A drug known on the street as “Special K” could be the newest innovation in anti-depression treatment.
In a review article published in “Science” on Oct. 5, Ronald Duman and George Aghajanian, psychiatry professors at the Yale School of Medicine, brought together more than a decade of research on the drug ketamine and its potential to become the first new class of anti-depressant medication in over 50 years. Though ketamine causes psychosis in high doses, scientists have found that low doses can reverse the signs of depression — and even suicidal urges — in just a few hours.
“The idea that a drug could produce a rapid improvement rather than taking several months to feel better is really an important idea and it really challenges the thinking about how anti-depressant medications might work,” Yale Chair of Psychiatry John Krystal said. “I think [it provides] a lot of hope for the future for the treatment of depression.”
Krystal, along with his collaborator Dennis Charney, was the first to link ketamine to the alleviation of depression in the 1990s.

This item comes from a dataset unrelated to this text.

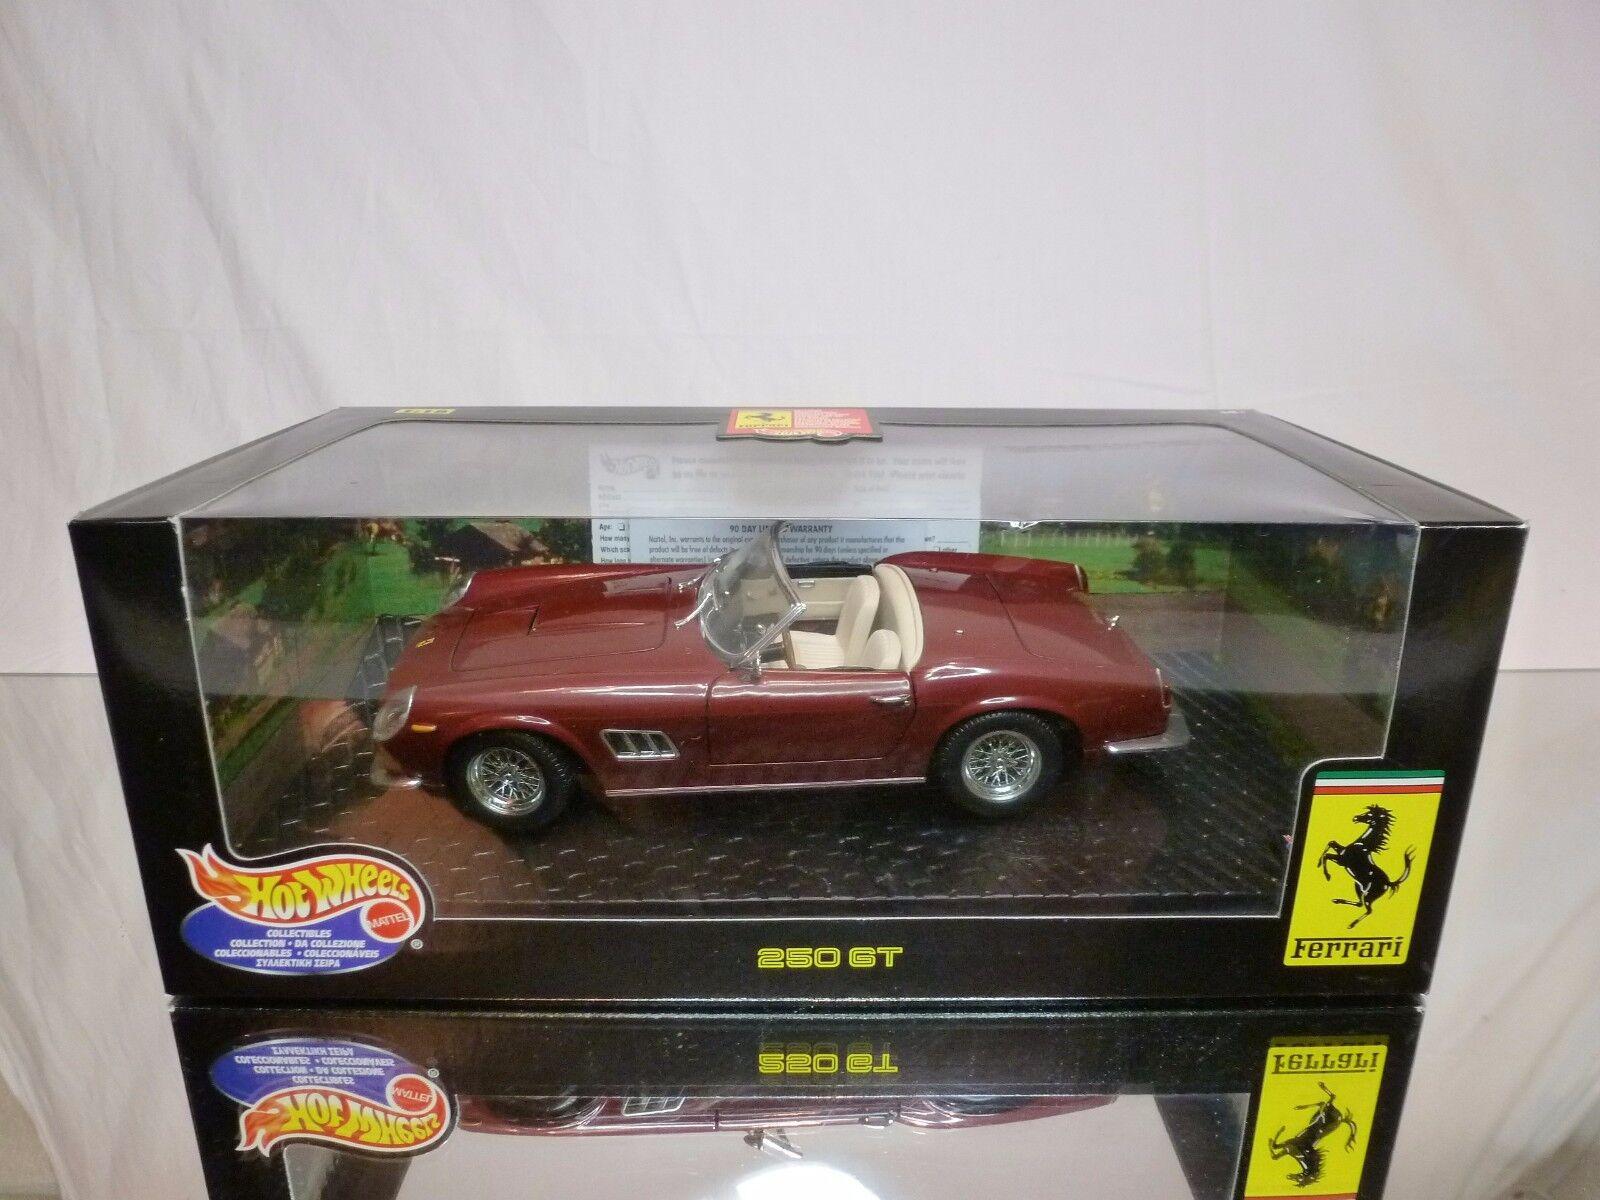 HOT WHEELS 25727 FERRARI 250 GT - DARK RED 1 18 - EXCELLENT IN BOX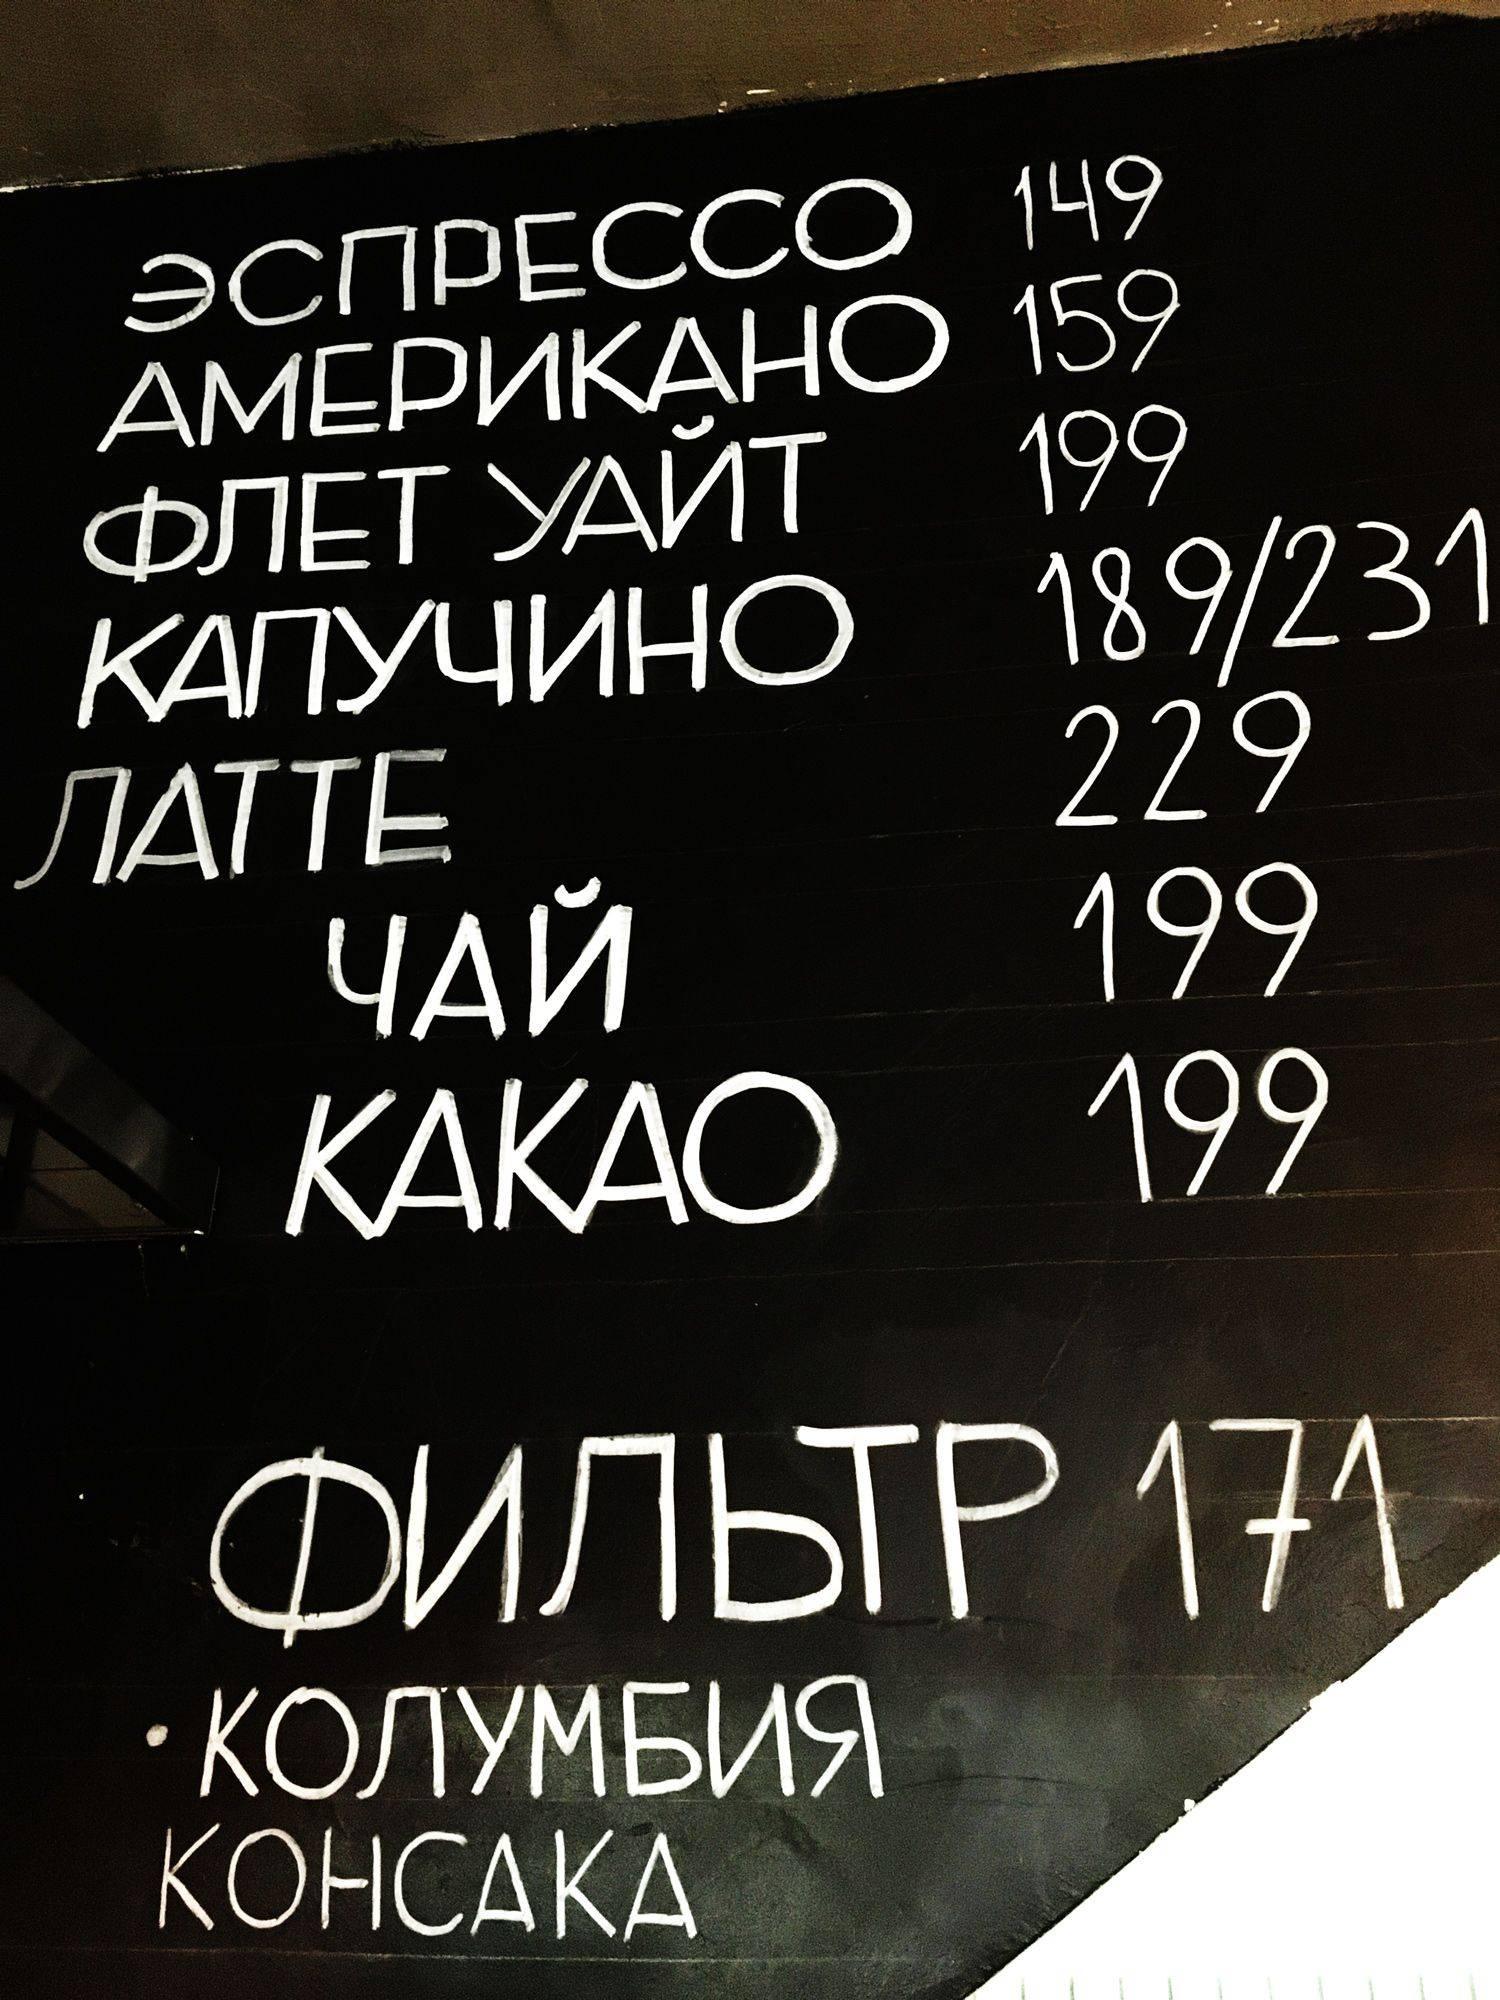 кофе в баре Прогресс 2 на Маяковской, цены на кофе

Ketamine has long been used as a pediatric and veterinary anesthetic and was originally explored by psychiatrists as a way to study schizophrenia, Krystal said.
Traditional anti-depressants, known as SSRIs, have been shown to take an average of seven weeks to produce improvement in major depressive disorder, Krystal said. Patients must take medication daily, and for one third of these patients, current medications provide no relief, he added. By contrast, ketamine rapidly reverses the disease’s physiological and behavioral effects. Ketamine has been shown to alleviate symptoms of depression in 70 percent of those patients who previously did not respond to treatment, Duman said.
Duman’s work has contributed to the understanding of the pathway by which ketamine works. While SSRIs block the re-uptake of serotonin, a neurotransmitter commonly thought to contribute to feelings of well-being, ketamine acts on the glutamate neurotransmitter system, which mediates the fast transfer of information in the brain.
“We think that’s why ketamine is able to produce such a rapid response,” Duman said.
While chronic stress and depression lead to the loss of synapses — key connections between cells that play a critical role in all brain function, including mood and emotion — ketamine reverses this degenerative process. The drug both stimulates synaptic growth and removes inhibitions to regeneration.
“Ketamine effectively takes your foot off the break and steps on the gas,” Krystal said.
The review’s findings are “totally against what we’ve always believed about degenerative disorders,” said Aghajanian, the paper’s coauthor.
“Depression is a neurodegenerative disease, and people long thought that it was very hard to reverse such a thing,” Aghajanian said. “That’s the amazing thing about ketamine — it reverses the changes within 24 hours.”
Ketamine is already FDA-approved as an anesthetic, which has led some doctors to begin prescribing it “off-label” to severely depressed or suicidal patients. This practice is concerning, Krystal said, because the drug is still in the experimental stages and has considerable risks, from potential abuse to side effects that may resemble schizophrenia. In addition, patients relapse after one to two weeks, losing the new synapses formed and the corresponding improvement in their depression. Research into the safety of re-administering the drug is still ongoing.
Aghajanian said researchers are now looking for safer alternatives to ketamine. These alternatives — several of which are currently in clinical trials — would hopefully follow the same pathway as ketamine but cause fewer side effects, he added. Another area for further development is the drug’s method of administration. Ketamine is currently administered intravenously, but future research will explore ways to deliver the drug orally or intra-nasally.
“All this work has really stimulated a back and forth between bench and bedside research around the world,” said Carlos Zarate, a researcher in the Mood and Anxiety Disorders Program at the National Institute of Mental Health (NIMH). “So that’s the exciting part — it’s actually luring industry back into psychiatry, at least on the depression side.”
Each year, major depressive disorder affects 14.8 million Americans over the age of 18 — 6.7 percent of the U.S. population, according to the NIMH.